To outline the starting assumption and desired ending points, what we have are
four tracks with different needle sizes. The smaller needles tend to "wobble"
in the track more (will pop/hiss more) but the larger sizes may miss fine
detail (treble) that the smaller needles pick up. The assertion of the
Internet Archive is that the needle that is closest in size to the one used to
record the track will produce the best output, but again we are not limited to
just a single track, we can programmatically combine them to produce a better
output. The desired end-goal is a "clean" track with maximal spectral quality
and minimal pop/hiss.

I think there are two distinct tasks here. Maximizing spectral quality and de-
popping the track.

For the first task, my layman's description of "maximizing spectral quality"
would be that we combine the frequency ranges that each track is "best" at. In
other words the finest needle has the best treble, while the biggest needle
has the cleanest bass. That might be implemented by some kind of averaging, or
a weighted average (eg weight tracks that are "most different" from the
average track, or from the cleanest track).
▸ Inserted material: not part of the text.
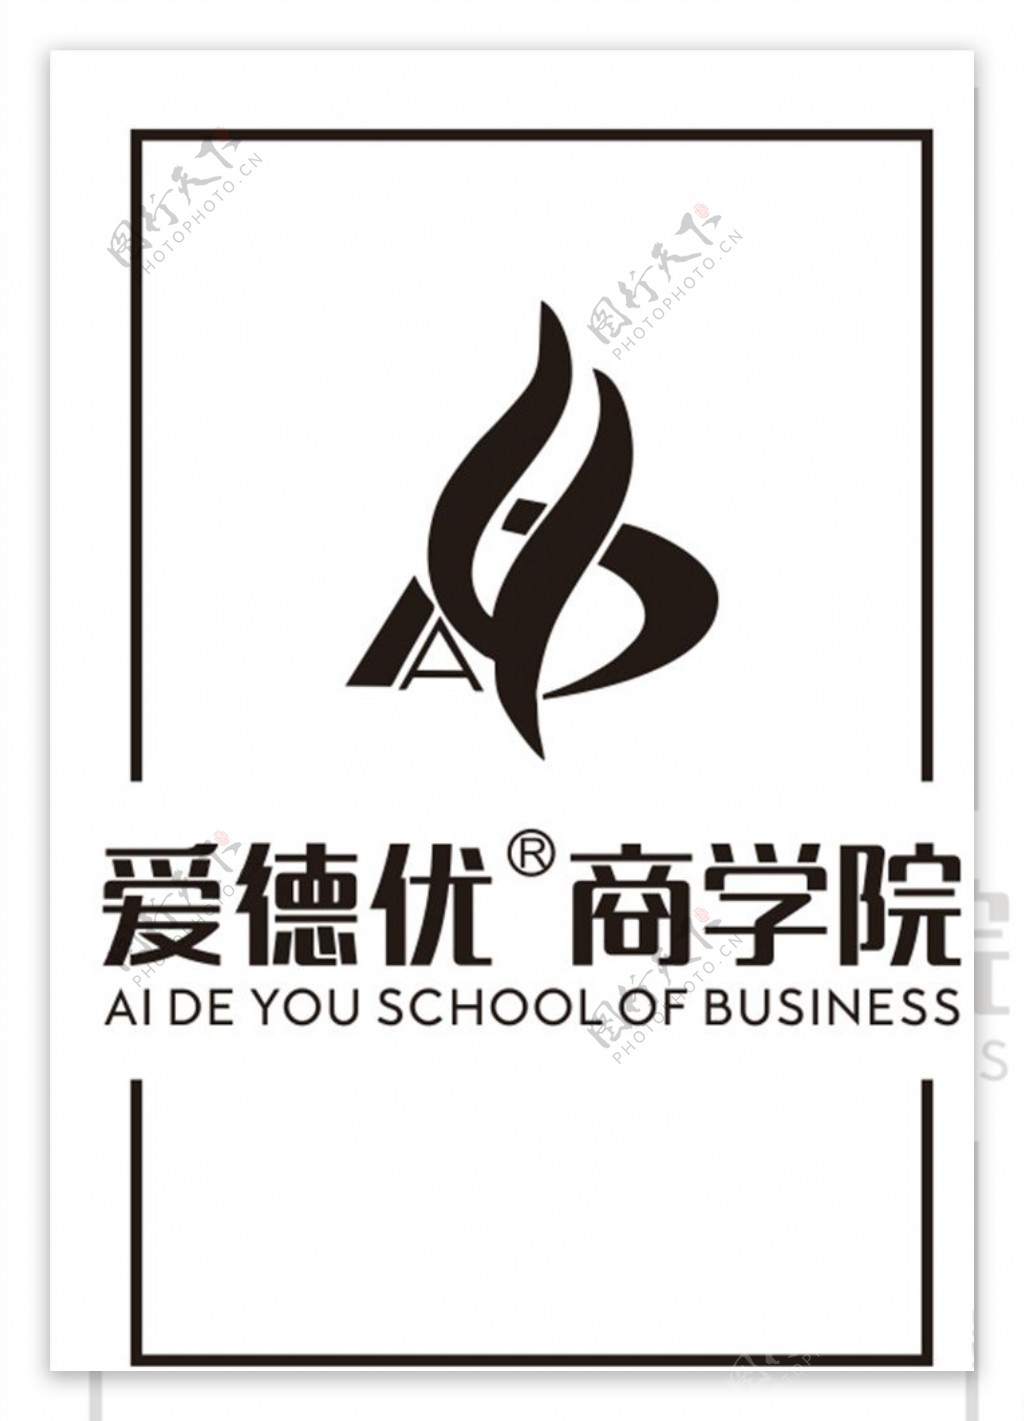 爱德优商学院logo图片
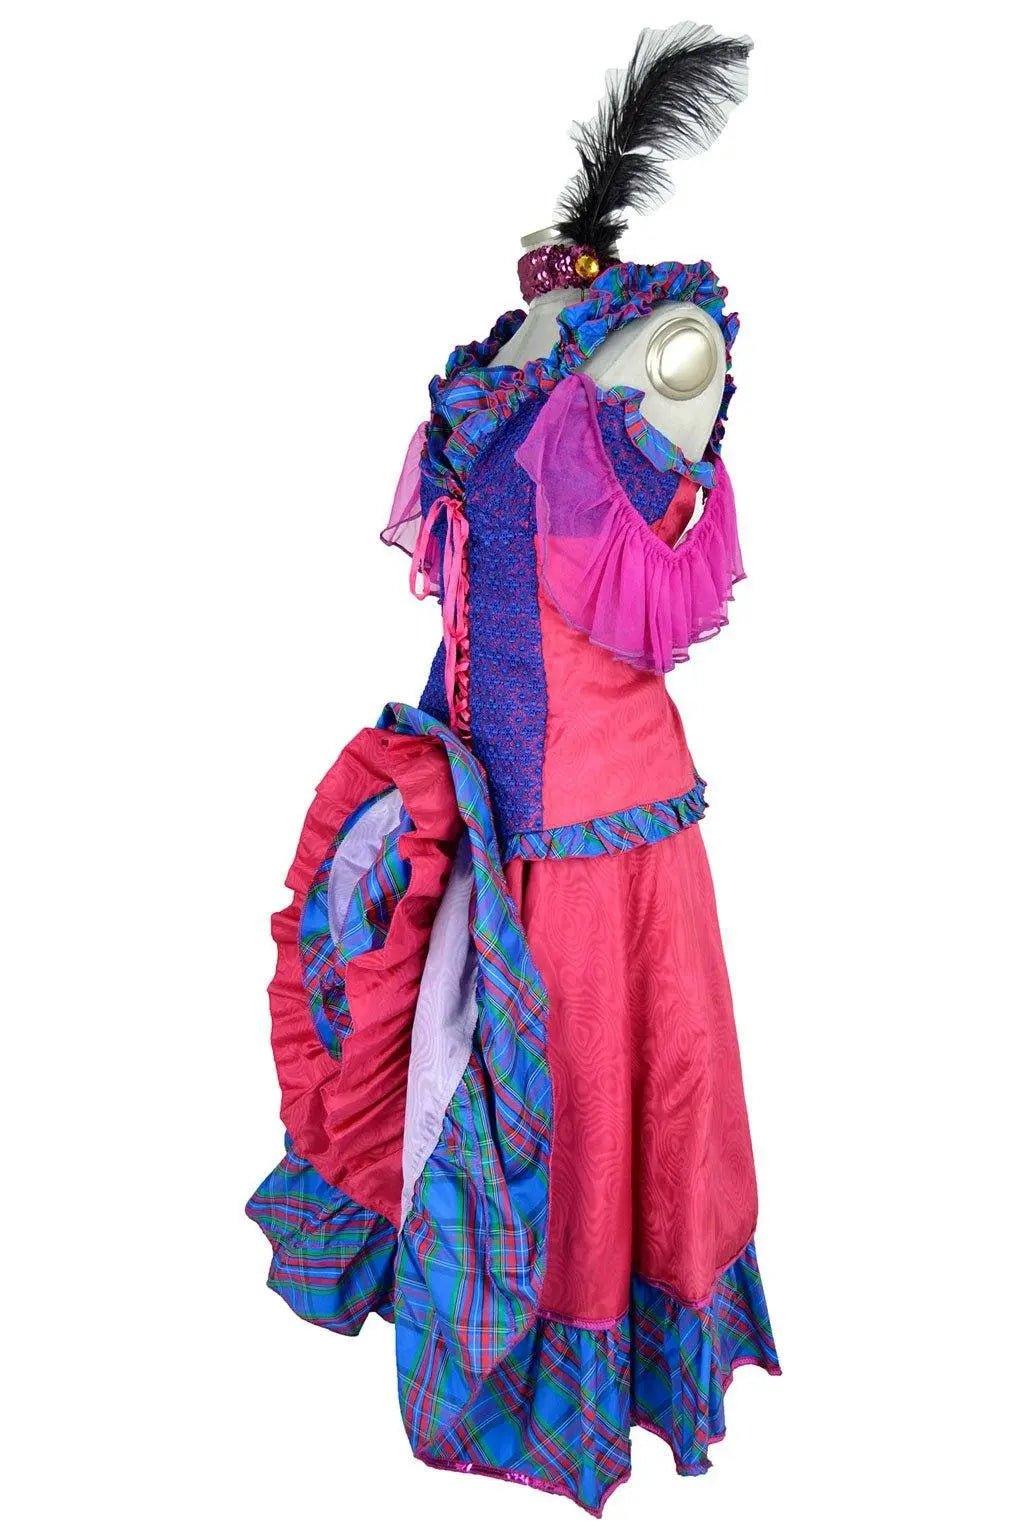 Costume donna per sfilate carnevalesche, balli o personaggi bizzarri -

Then you de-pop the resulting track. In terms of machine learning, this should
be something that is amenable to deep learning. If you train a net to identify
what a "pop" or "hiss" is then you can have it directly produce a clean
output, or produce a "pop/hiss track" that you can then subtract from the
input waveform (same thing).

If you want something more programmatic, you could again play around with
generating a "noise track" by subtracting the "clean" signal (biggest needle)
from the "most detailed" signal (finest needle), perhaps also repeating this
with each other track as well. The "noise track" would still have some signal
inside it and you would need to apply some other method to further separate
that out, but you would be working only on a _portion_ of the total signal so
in theory you would lose less detail than working on the whole signal.

------
vinchuco
Is there a way to stream these indefinitely on shuffle without having to pick
each one manually?

------
Finnucane
Too bad it doesn't seem to be easily searched by label--from a historical
perspective, it would be cool to be able to search for say, Paramount or
Gennet or Okeh.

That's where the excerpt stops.